As part of this reflection , we have ended up with the first triplet of PIACERE Key Exploitable Results, one per phase for which a detail exploitation roadmap has been designed. In the upcoming months, new Key Exploitable Results will be incorporated to this list, enriching the dimensional view of each KER.

DESIGN TIME

KER1 DOML

PIACERE DevSecOps Modelling Language

Improve the ability of (non-)expert DevSecOps teams to model provisioning, deployment and configuration through the abstraction of execution environments

DOML is the end-user language enabling the modelling of deployment and configuration of complex software and of the corresponding infrastructure.

The modeling activity is performed in the context of the PIACERE IDE that helps users in defining syntactically correct models. Moreover, it is supported by the Verification Service that helps DevSecOps teams in identifying and fixing conceptual errors and by the Optimization Service that, given a DOML model, returns the set of concrete resources that best suit the expressed non-functional requirements. Correct DOML models can then be transformed by ICG in executable IaC supporting resource provisioning and configuration as well as application deployment, monitoring, and self-healing.

Finally, the DOML offers extension mechanisms that allow users to define new resource types or extend the existing ones in order to cope with the evolution of the market in the DevOps context.  

 

KER2 Design Time Sec

PIACERE Design Time Security

Regain trust in IaC through the DOML verification and the automation of IaC code quality checking for errors and vulnerable dependencies, and thus improving IaC integrity and applicability

The ICSI technology can check the IaC code for errors and report back to the user with a set of error reports and also recommendations where inefficiencies are in his code. With it PIACERE is addressing the lack of tailored solutions for checking the integrity and applicability of IaC code to be deployed on an infrastructure provided by the verification tools, leading to very limited trust in the automated deployment systems.

RUNTIME

KER3 Execution

PIACERE IaC Execution Manager

Avoid vendor lock-in and time consuming manual processes in infrastructure management, while increasing resilience and supporting self-healing

IEM is helping to develop and maintain infrastructure as code for heterogeneous infrastructures and different phases (configure, provision, deploy, orchestrate), supporting multilingualism with one tool. It is a platform to automatically plan, prepare, and provision the infrastructure and plan, prepare, and install the software elements needed for the application to seamlessly run.

 

KER4 Optimisation

PIACERE IaC Optimized Platform

Perform the most appropriate deployment configurations that best meet your defined constraints out of DevSecOps catalogue of services, resources and infrastructural elements by means of optimization algorithms.

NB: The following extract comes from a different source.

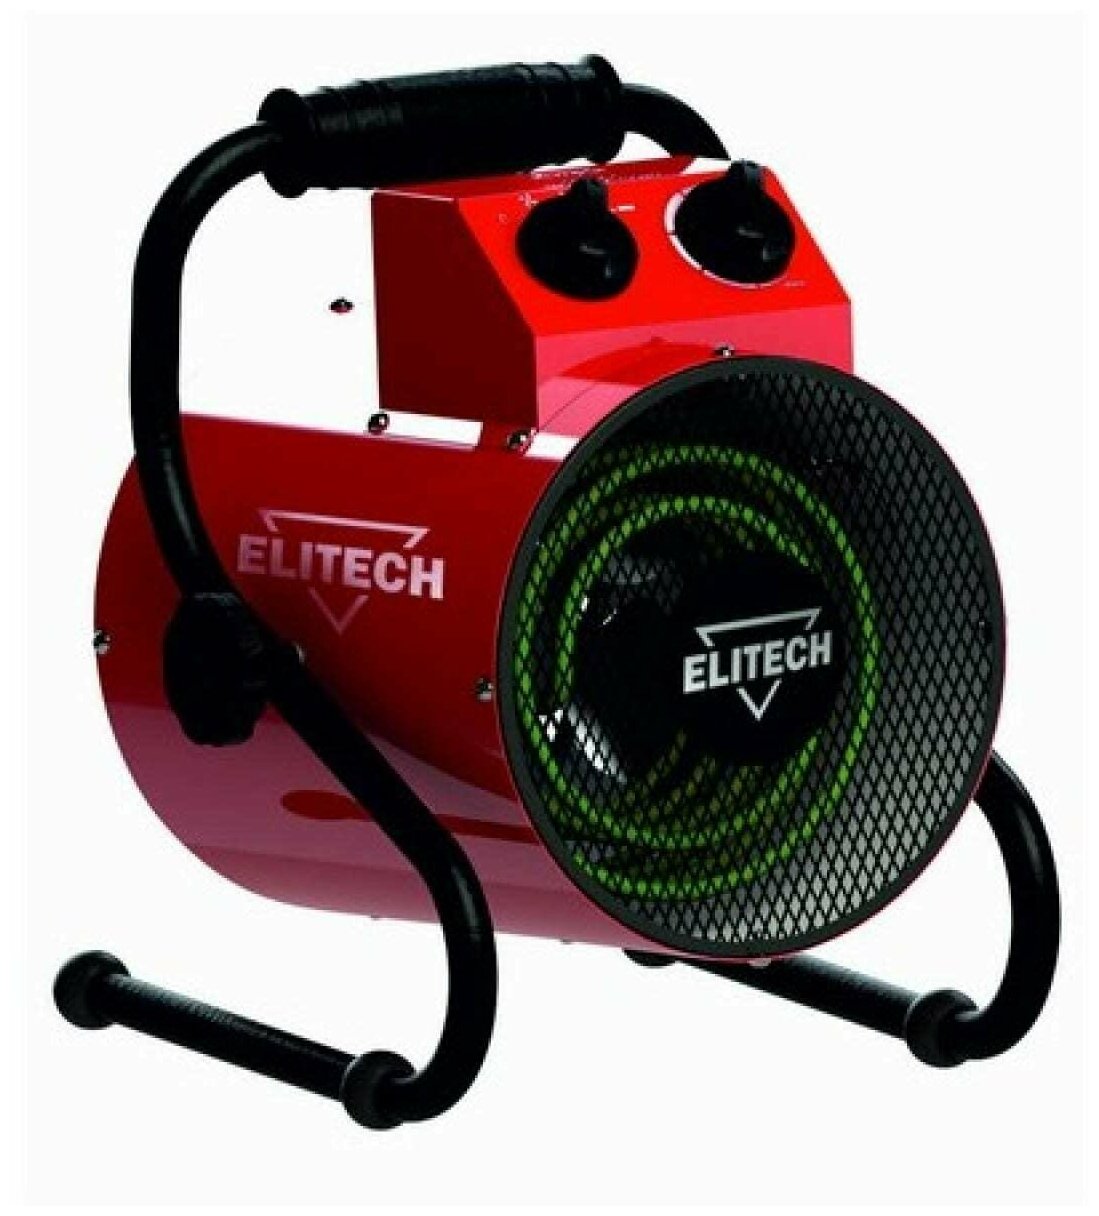 Электрическая тепловая пушка Elitech ТВ 3ЕК подарок на день рождения мужчине, любимому, папе, дедушке, парню

The IOP is able to propose the most optimized deployment configuration of the infrastructural code taking into consideration the constraints predefined. To this end, several deployment configurations will be shown and ranked.

 

KER5 Sandbox

PIACERE Canary Sandbox

Allow unit testing of the behaviour of the infrastructural code on an isolated environment, which would enable the simulation of conditions for the production environment and identify some of the most common anti-patterns.

The Canary Sandbox Environment enables isolated execution and testing of Infrastructure as Code behaviour (i.e., Kitchen), simulating the conditions of the production environment, and offering a stress testing mechanism focused on the reliability of the generated IaC as well as on the identification of possible cybersecurity threats.

 

KER6 Runtime Sec

PIACERE Runtime Security

Ensure that the conditions of the QoS are met at all times and that a failure or non-compliance of NFRs is not likely to occur, with verified security violations at runtime.

PIACERE at runtime is able to automatically deploy security monitoring agents, integrated into the monitoring mechanisms and notify about security threats according to the policies, defined in the NFRs; allowing for self-learning and self-healing, and tackle unexpected situations that may affect the correct performance of IaC and its underlying environment (i.e. infrastructure failures, deterioration in the response time, etc.).